Towards a New Hybrid Fairland

Vita Zaman lives and works in Los Angeles and New York. She is a gallerist, curator, artist and advisor, interested in what hybrid forms the art space can take. She studied both Art History and Fine Art at Goldsmiths College and the RCA in London between 1995 and 2002. She was a founder and co-director of the IBID Projects (London /Los Angeles), headed the PACE gallery (New York) and was Artistic Director for the Vienna Fair (Vienna).

Currently Zamen is starting a new venture – the Perpetual Experts – which is an art production and distribution platform, malleable and adaptive in accordance with ‘the management of circumstances’.

Carving out history: when moments become monuments

Šerpytytė’s work is the result of an investigation into war and its consequences. Her recent work 1944 – 1991 is related to the period of “war after war”. Her series of NKVD-NKGB-MVD-MGB photos tell the stories of people that were interrogated and tortured in village houses. Rather than representing the buildings themselves, Serpytyte uses hand-carved wooden models, based on site visits and photographs excavated from the archives. Buildings in her works become the active participants in the process of torture, where everyday surroundings and elements of the house – the doors, handles and walls – become witnesses and partners in crime.

Indre Šerpytytė (b. Vilnius, 1983) lives and works in London. She is a photographer and researcher exploring the phenomena of memory and trauma. She graduated with a first–class MA in Photography at the Royal College of Art (2009) and is currently doing her PhD at the RCA in London. Her work is represented in public and private collections, including the Victoria and Albert Museum, London.

She is the recipient of numerous awards including: Magenta Bright Spark Award (2010); Hyeres International Festival; National Media Museum Bursary (2009); Hoopers Gallery prize; Metro Imaging prize; Jerwood Photography award winner (2006); the Fujifilm Distinction Award; and the Terry O’Neill Award.

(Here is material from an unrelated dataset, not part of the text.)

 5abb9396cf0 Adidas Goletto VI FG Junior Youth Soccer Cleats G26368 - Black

Her work has been published and exhibited widely including recent shows at Tate Modern.

Coding the digital: from net art to post-human future

“The definition of post-digital suggests it has a feature of hybridity, a balance of physical and virtual. Aside from the hybridisation, we can point to the generation born in the 1990s, who do not remember times without computers; the ‘digital’ is a given for them, per se.“

Mindaugas Gapševičius (b. 1974) is an artist, facilitator, and curator living and working in Berlin, London and Vilnius. He earned his MA at Vilnius Academy of Arts in 1999 and started his MPHIL/PhD research program at Goldsmiths University in 2010.

Gapševičius has been an active participant in international new media art networks, which stimulated the formation of networks between Western countries and the Baltic States in the 1990s. His work is most associated with net art, software and interactive user interfaces.

Publication as practice

Povilas Utovka (b. 1981, Varena) lives and works in London. He is a designer who is passionate about “grids and solutions that are simple and well thought through”, working mostly on art publications. Utovka graduated from the Royal College of Art, London in 2009 and formed the design practice Present Perfect with Ivan Markovic in 2011.

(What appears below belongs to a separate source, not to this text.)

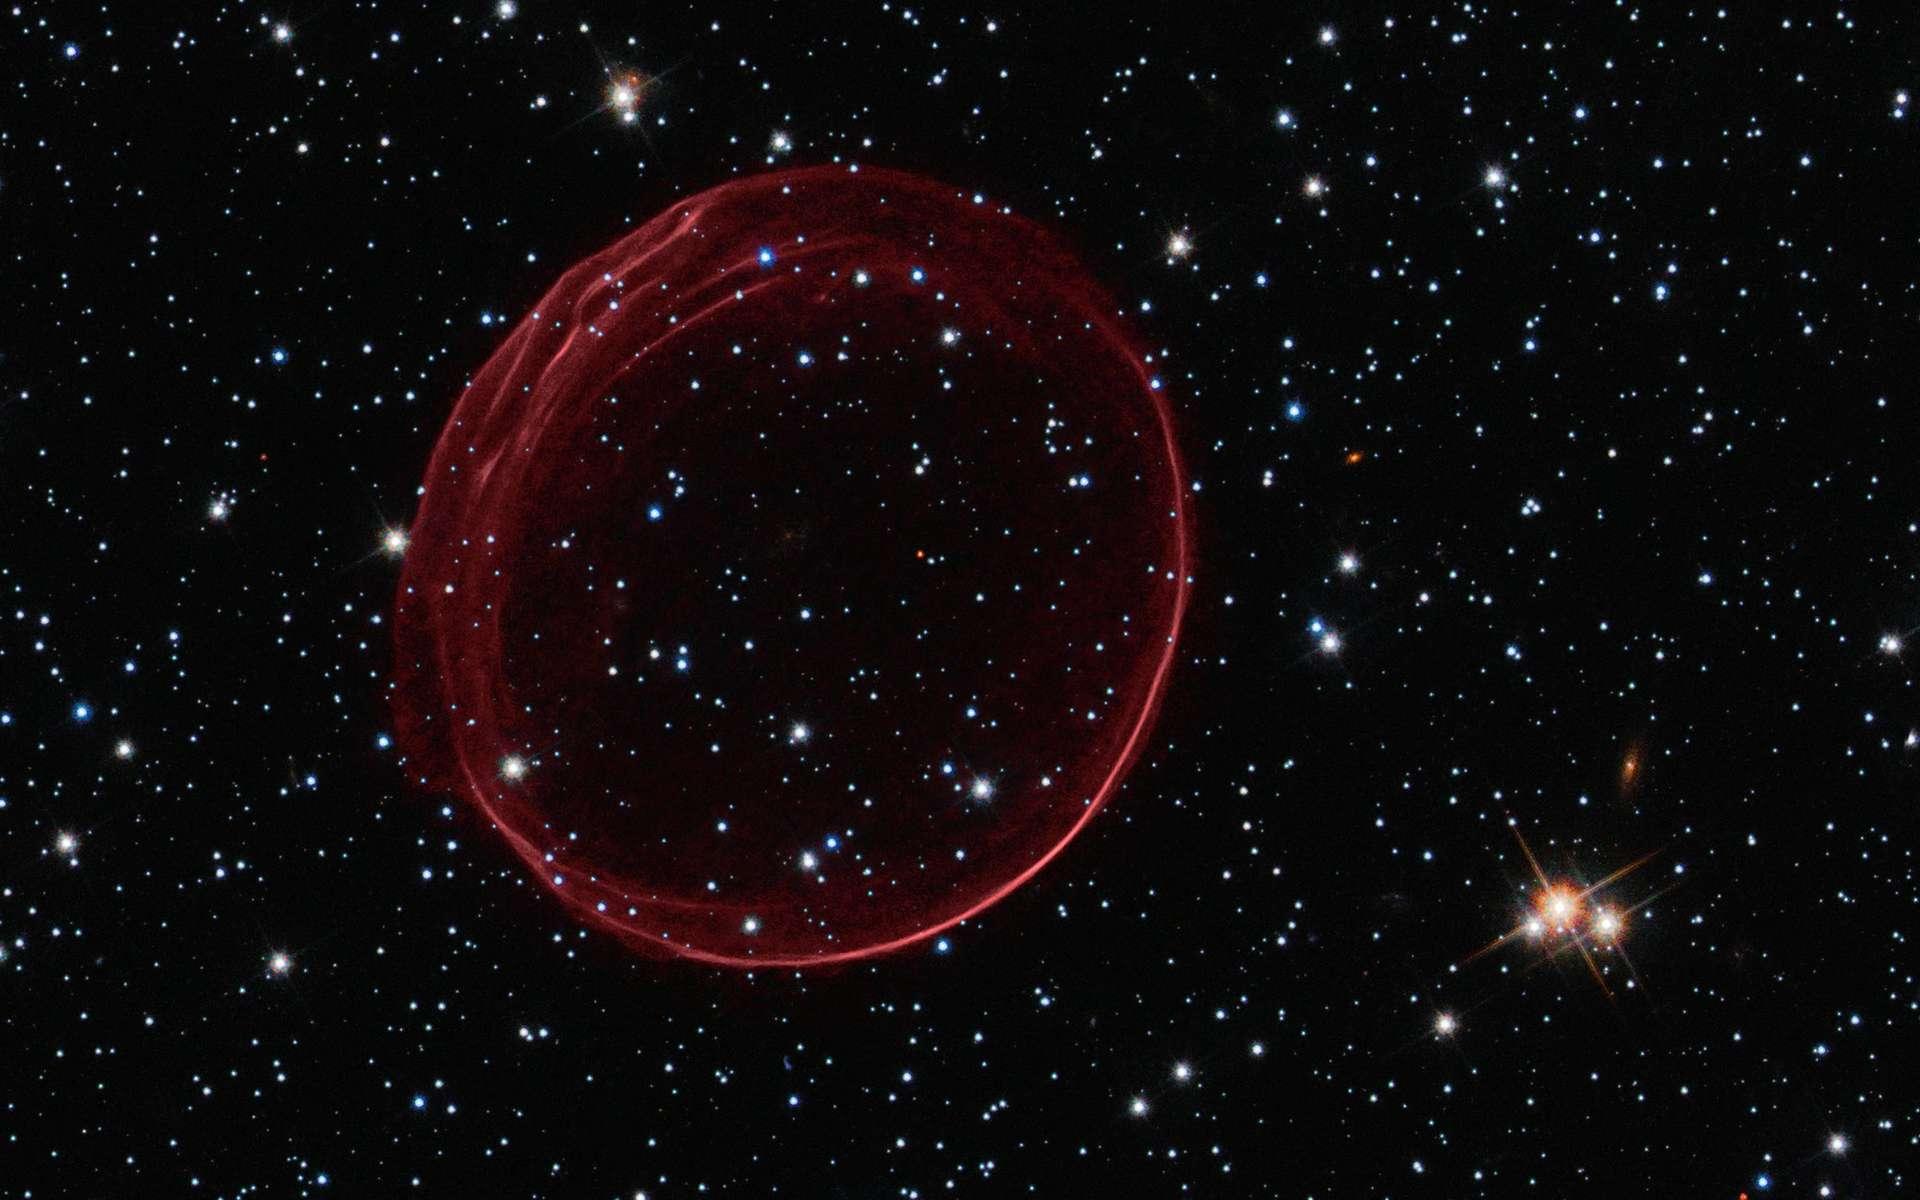 SNR 0509, le cadeau de Noël du télescope Hubble. © Nasa/Esa/The Hubble Heritage Team (STScI/AURA)/J. Hughes (Rutgers University)

Together they have worked on exhibition catalogues and identities for Jimmie Durham, Jonas Mekas, Rose Wylie and various other artists. Utovka lives and works in New York.

Where tradition Mmets sinology

Eglė Jauncėms (b. 1984) is a visual artist currently working in London. After studying Sinology at university in Vilnius and Taipei, Jauncems moved to London where she gained a second BA in Weaving at Chelsea College of Art and Design. Her recent shows include Khobs at the Marrakech Biennial; Reproduction Failure curated by Slate Projects at Maybe a Vole Gallery (London); and Multiplied Art Fair presented by London Print Studio.

In 2015 Egle was a participant on the The Reykjavik Association of Icelandic Visual Arts residency and later in the same year she was awarded the first Hockney Arts Foundation Grant.